= Love and Sex with Robots (conference) =

Academic conference series on human–robot intimacy

Love and Sex with Robots (often abbreviated LSR) is an academic conference series on human–robot intimacy, sex robots, and related ethical, social, and technological issues.

== History ==
According to the organizers, the conference series grew out of earlier meetings on human–robot personal relationships held in the Netherlands between 2008 and 2010, and was renamed as the International Congress on Love and Sex with Robots in 2014.
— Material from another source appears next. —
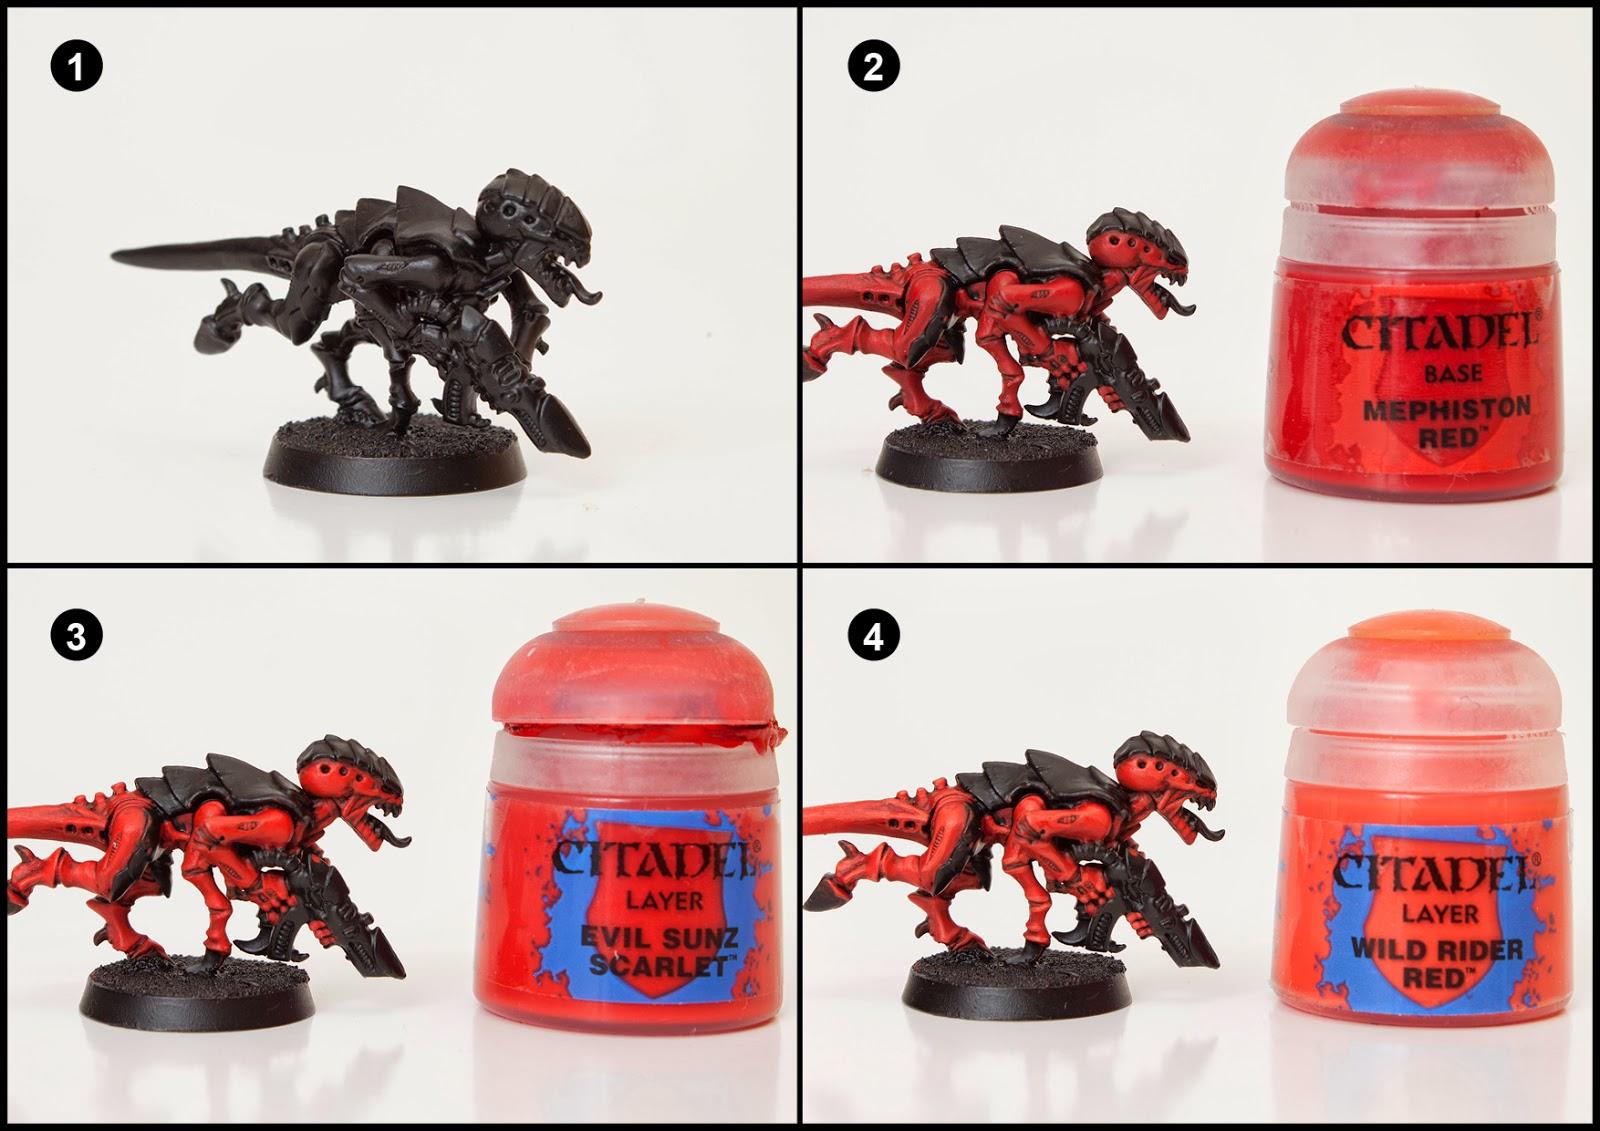 Citadel Red Paint Evil Sunz

The first congress under that title was held in Madeira in 2014. A planned 2015 edition in Malaysia was cancelled after local authorities declared the event illegal, following objections to organisers’ use of the Tourism Malaysia logo in a way that suggested official endorsement.

The second held edition took place at Goldsmiths, University of London, on 19–20 December 2016.

A planned fourth congress in Missoula, Montana, in 2018 was cancelled amid controversy surrounding the co-located Advances in Computer Entertainment conference after Steve Bannon had been announced as an ACE keynote speaker.

Other editions were held in London in 2017, Brussels in 2019, and online in 2020. In 2025, UQAM hosted what it described as the conference's 10th edition in Montreal.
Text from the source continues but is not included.